There has been a shakeup in the race for mayor of Troy just one week before Election Day.
After dropping out of Troy’s mayoral race for what he said were family reasons earlier this month, Republican Tom Reale is back in. And he’s naming names. At a press conference Tuesday morning, Reale said he was pressured by Rensselaer County GOP bosses to suspend his campaign against first-term Democrat Patrick Madden and third-party hopeful Rodney Wiltshire.
Confirming a Times Union report, Reale says he was pressured to leave the race in an explosive October 7 meeting with County Executive Steve McLaughlin, GOP operative Richard Crist, former City Councilor Jim Gordon, and former Congressman John Sweeney.
“They chose to get me out of the race for someone they could control, by threatening to withhold support from me, and making unfound claims that I had no support," says Reale. "By reentering this race, I am saying ‘no’ to the rule by bullies that is now becoming the norm at every level of government.”
Early voting has already begun, and Reale’s name was on the ballot regardless. Reale says the Republican leaders abandoned him in favor of Wiltshire, hoping to set up a head-to-head race.
“Calls were not being returned. I’d reach out to particulars and I wouldn’t hear back from them – both at the city and county level," explains Reale. "Things got to a point where I couldn’t avoid the fact that Mr. Wiltshire was appearing at several fundraisers, that he was appearing with several of our candidates, and I needed answers. And it appears that the answers that they wanted to give me were essentially just to get out.”
Reale says he was instructed to endorse Wiltshire at the Oct. 7 meeting, which he refused.
The 37-year-old veteran, whose campaign has centered on improving city services and the South Troy pool, says he initially planned to run for Troy City Council – until city Republicans tapped him to run for mayor. Things changed by Oct. 7: Reale says he was met with mockery, gaslighting, and indirect threats to his current position as a legislative aide in the New York state Senate.
“There were some overt threats that were made that the county party would refuse to carry petitions for Senate candidates if I were still employed at the Senate…[Senator] Daphne Jordan and whoever the candidate would be against Senator Breslin," says Reale.
A call to the county executive’s office was not returned.

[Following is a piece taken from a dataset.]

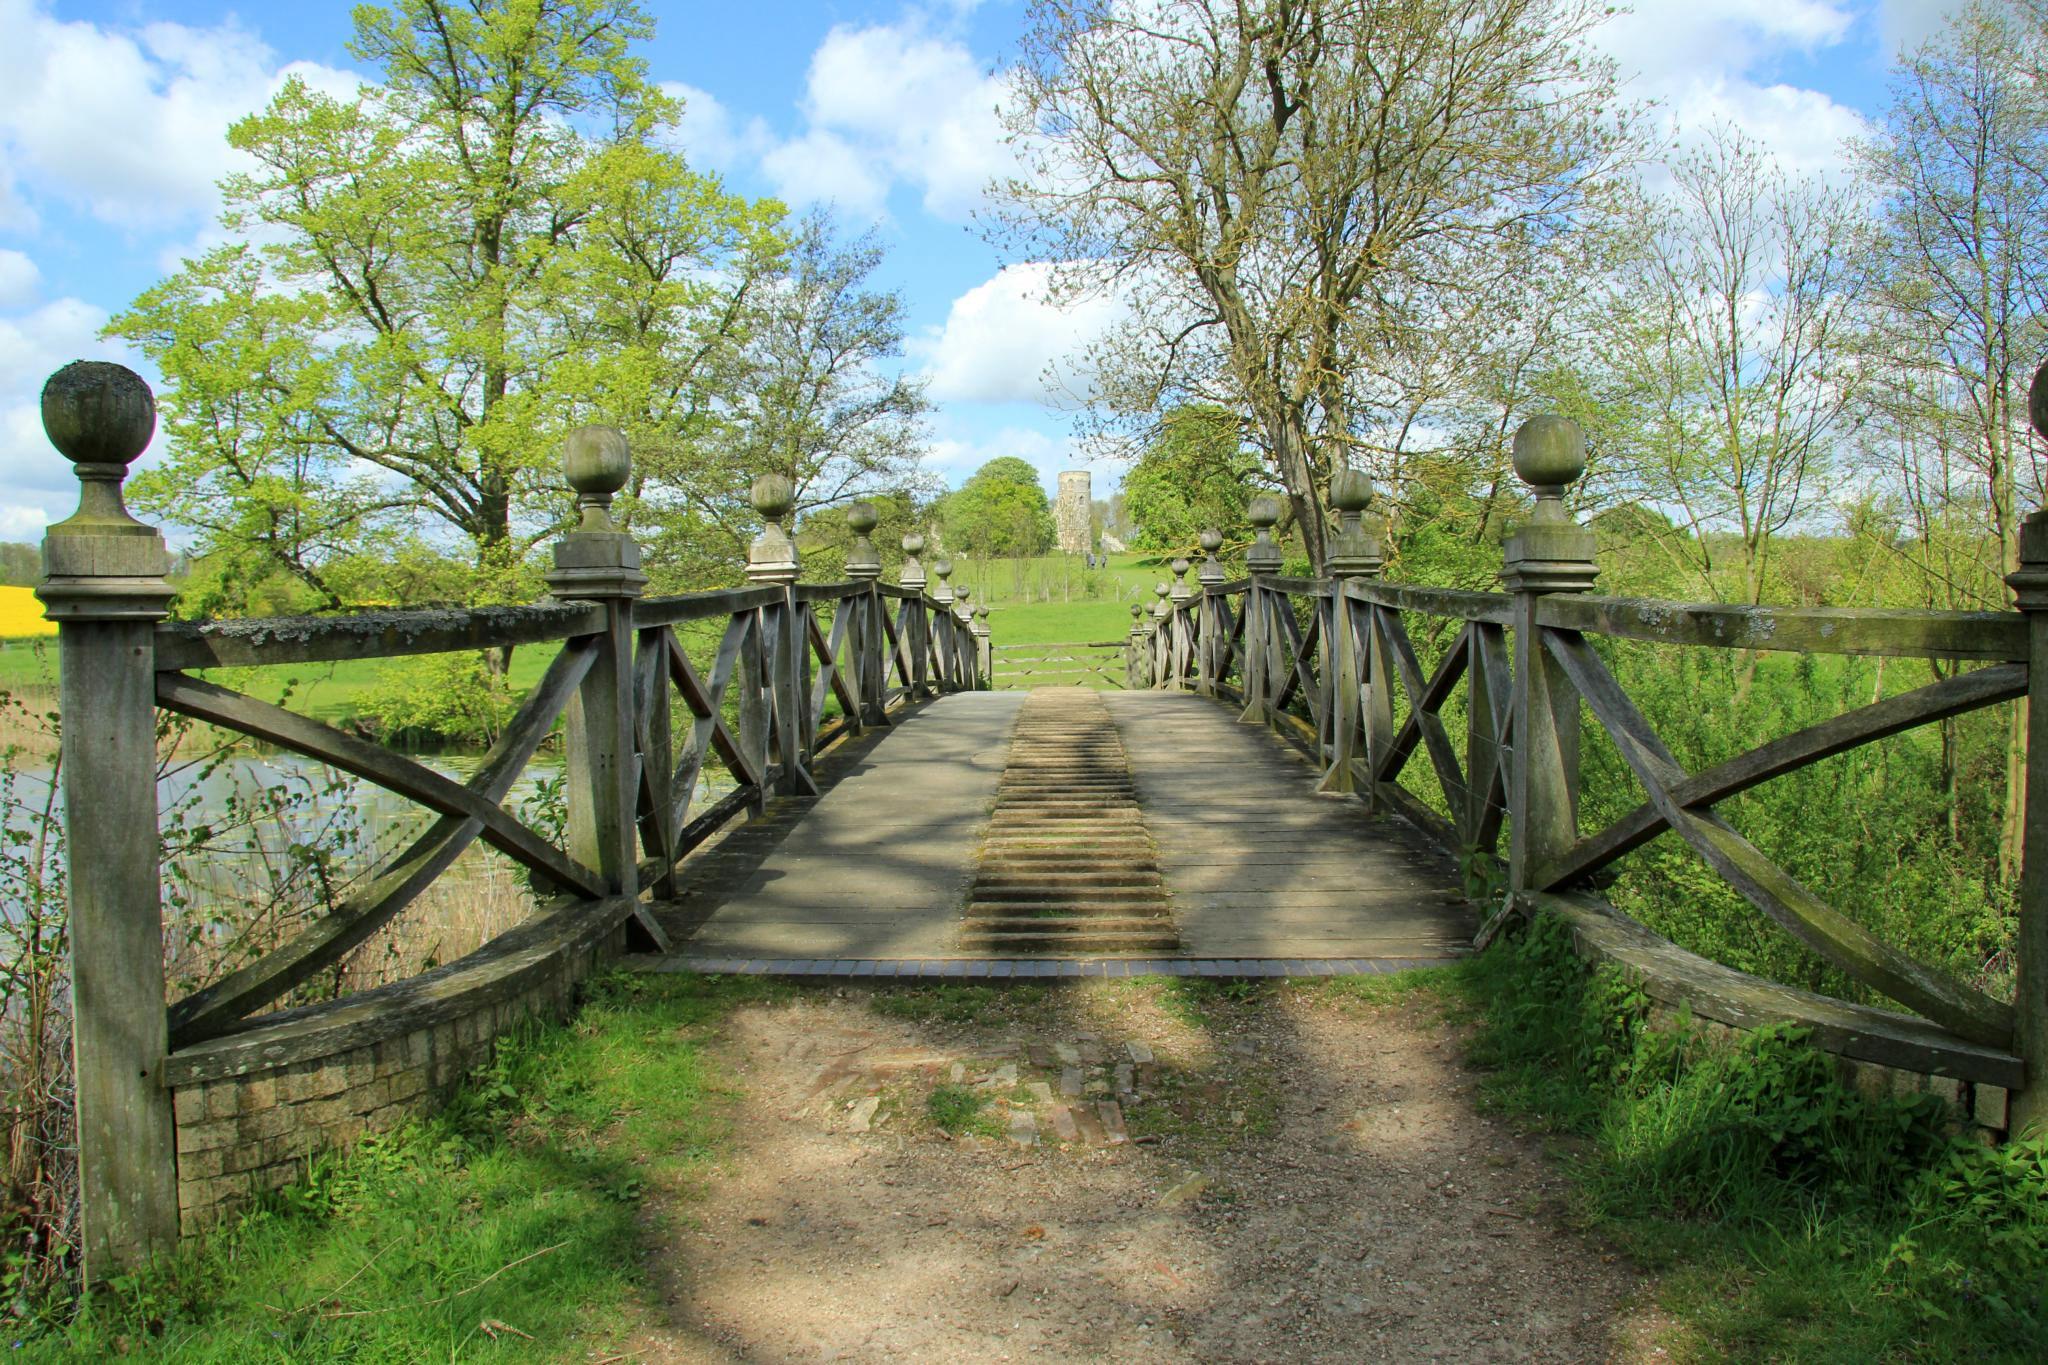 wood and stone bridge with trees and greenery around

Wiltshire is a former City Council president running on the Green and Independence lines after losing June’s Democratic primary. In an interview with WAMC, Wiltshire said he had no knowledge of the Oct. 7 meeting other than what he read in news reports. In any event, he says he’s confused by Reale’s reentry this close to Election Day.

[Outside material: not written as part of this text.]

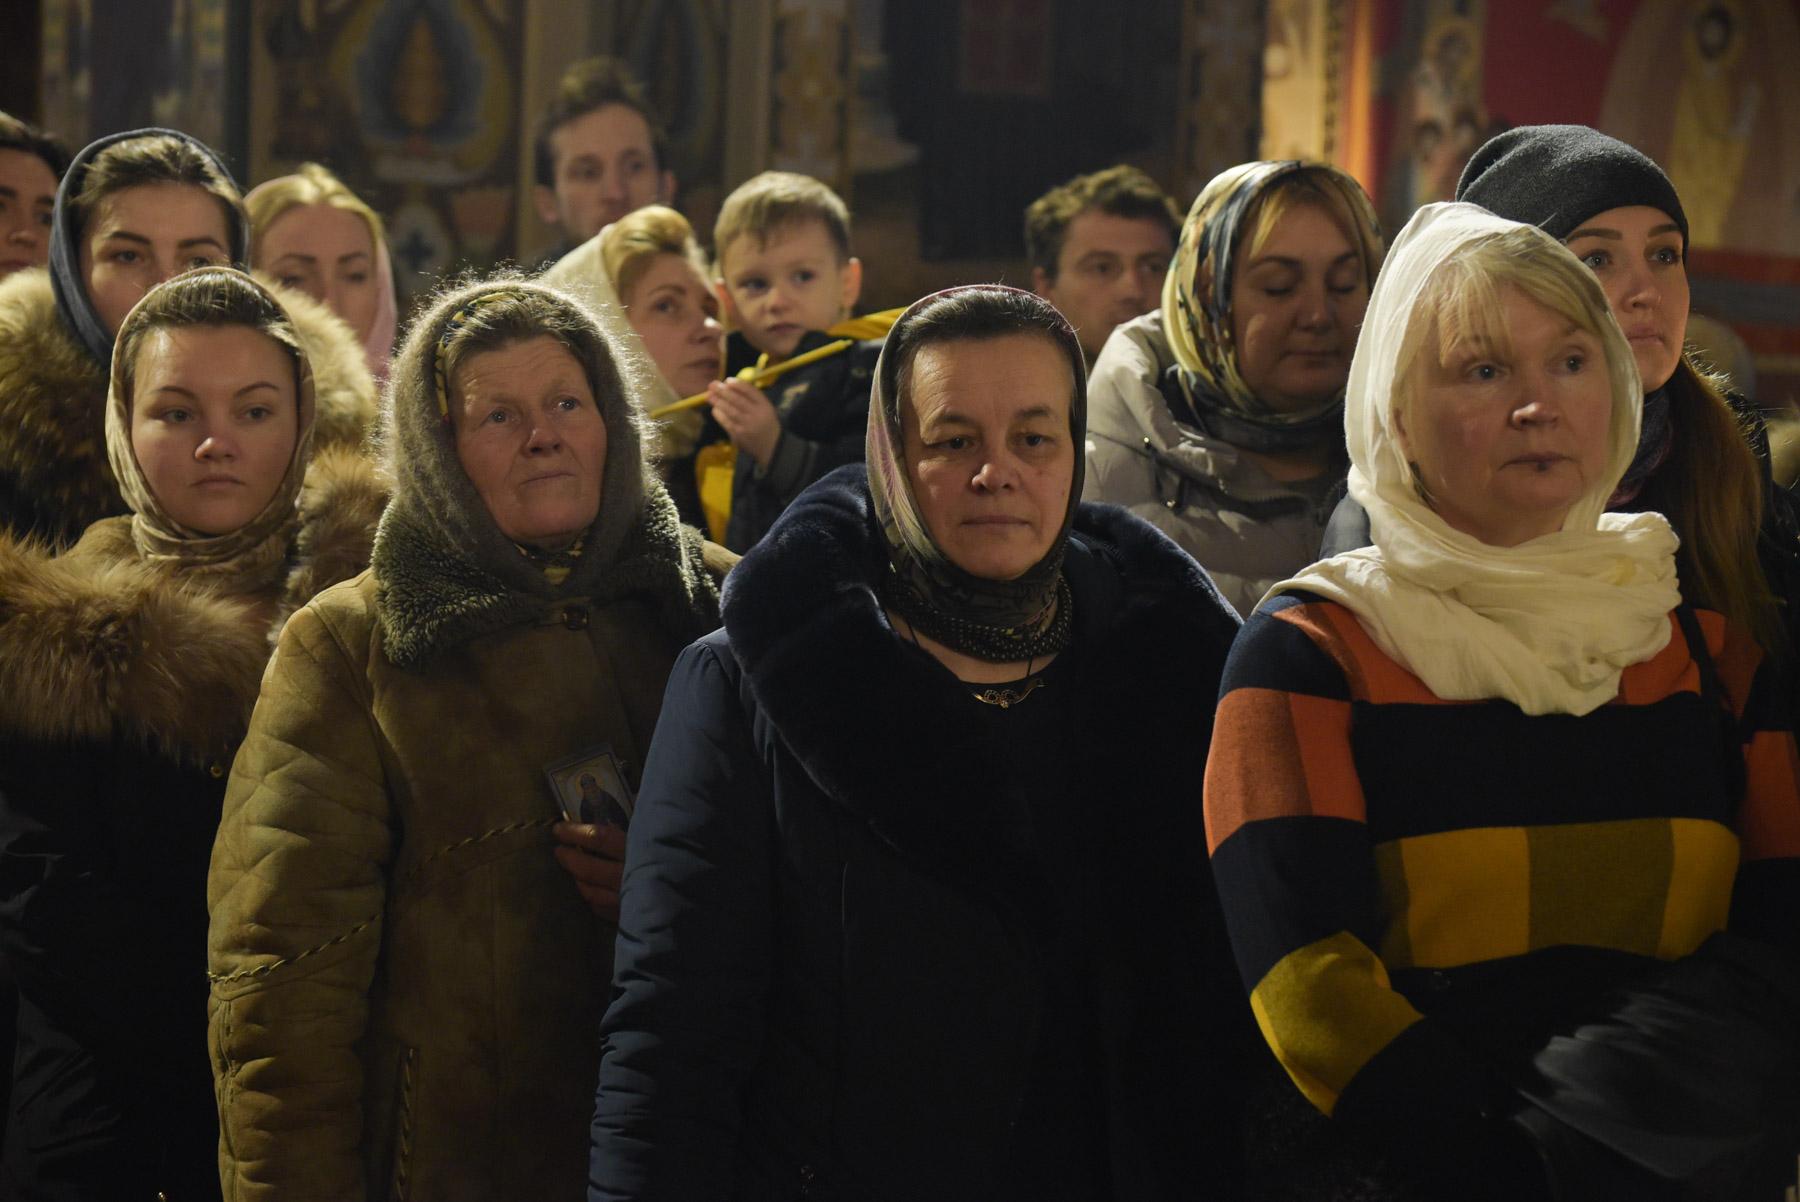 photos of orthodox christmas 0037 2

“[It] Doesn’t make any sense. Ballots have already been cast, absentees, early voting – this certainly doesn’t make any logical sense," says Wiltshire. "And for somebody to step out because of very bona fide family reasons, and then a week before to come back in, really shows a conflict and, in my opinion, a very bad lack of judgement on Mr. Reale’s part.”
Reale is probably facing an uphill battle since Democrats have a sizable enrollment advantage in the city. He wouldn’t rule out working with McLaughlin but calls the relationship “strained at best.”
“I am not beholden to any party. I will not claim to be an independent candidate, for I am the candidate on the ballot for the Republican and Conservative parties," he notes. "But it is clear that I am the only candidate in this race who will be an independent mayor.”
For his part, Mayor Madden declined to get involved in the spat, releasing a campaign statement that says: “From the start, our campaign has focused on my strong record of success, including progress to improve our neighborhoods, repair our finances, upgrade infrastructure, and increase economic development in Troy. We will continue to deliver our message of progress on important issues to voters, and I remain committed to protecting taxpayers and addressing the needs of our residents.”
Reale plans to join Madden and Wiltshire for a Spectrum News debate Wednesday.